DATA PROVIDED>
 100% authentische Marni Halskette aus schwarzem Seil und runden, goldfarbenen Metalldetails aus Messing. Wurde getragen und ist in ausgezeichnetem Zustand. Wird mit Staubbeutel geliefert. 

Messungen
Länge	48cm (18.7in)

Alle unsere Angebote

--

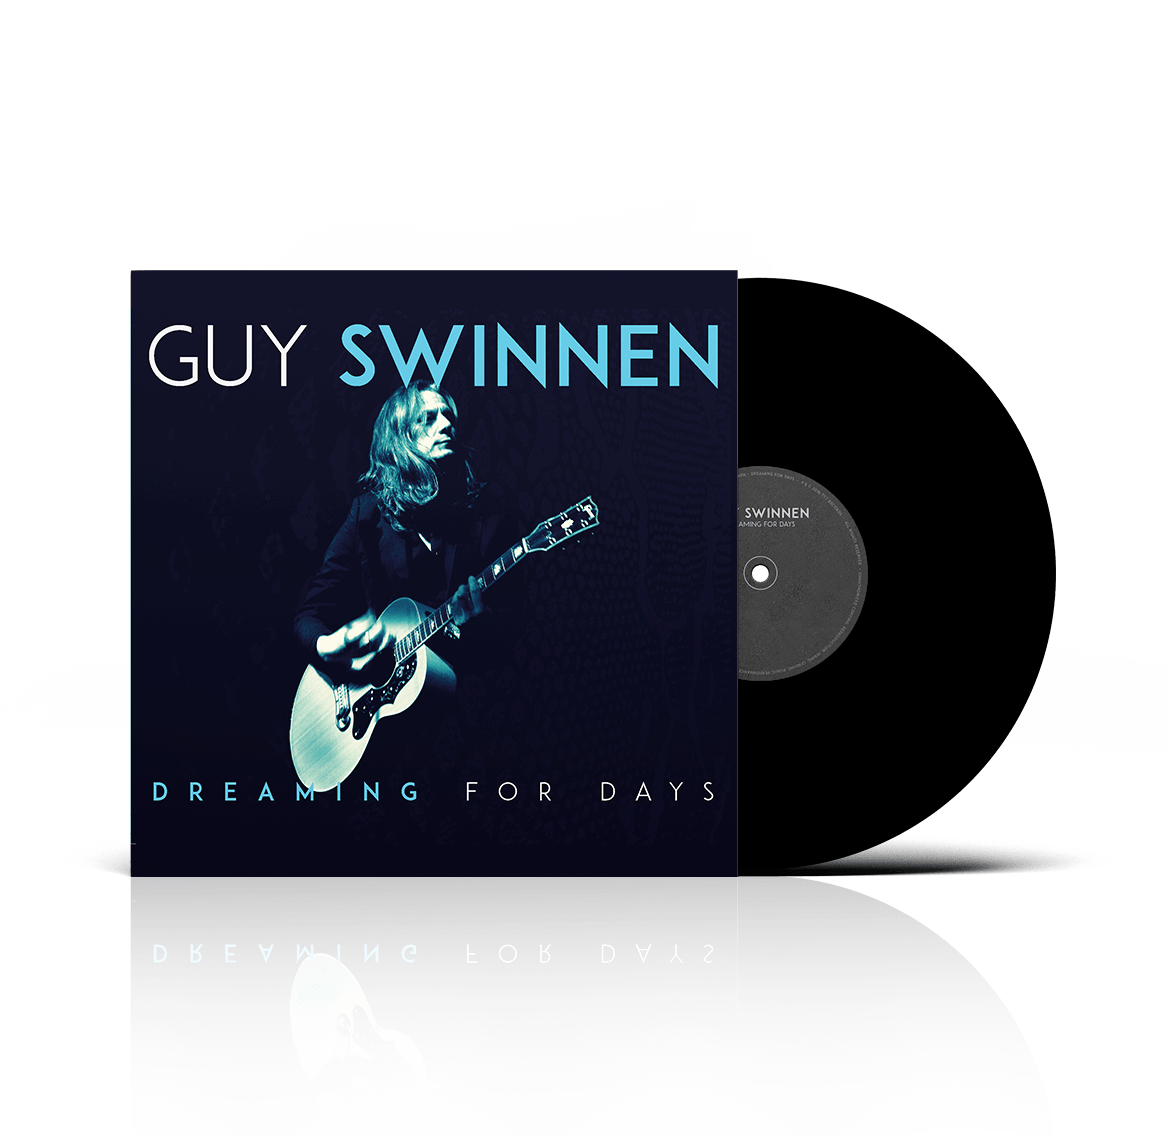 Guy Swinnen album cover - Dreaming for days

==

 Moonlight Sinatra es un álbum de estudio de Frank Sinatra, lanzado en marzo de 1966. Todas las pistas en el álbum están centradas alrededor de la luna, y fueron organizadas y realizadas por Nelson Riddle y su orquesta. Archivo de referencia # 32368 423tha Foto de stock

DIRECTIONS>
Scan the listing above for the line that has "100% authentische Marni", then copy exactly from that line through the line that has "Alle unsere Angebote".

RESPONSE>
 100% authentische Marni Halskette aus schwarzem Seil und runden, goldfarbenen Metalldetails aus Messing. Wurde getragen und ist in ausgezeichnetem Zustand. Wird mit Staubbeutel geliefert. 

Messungen
Länge	48cm (18.7in)

Alle unsere Angebote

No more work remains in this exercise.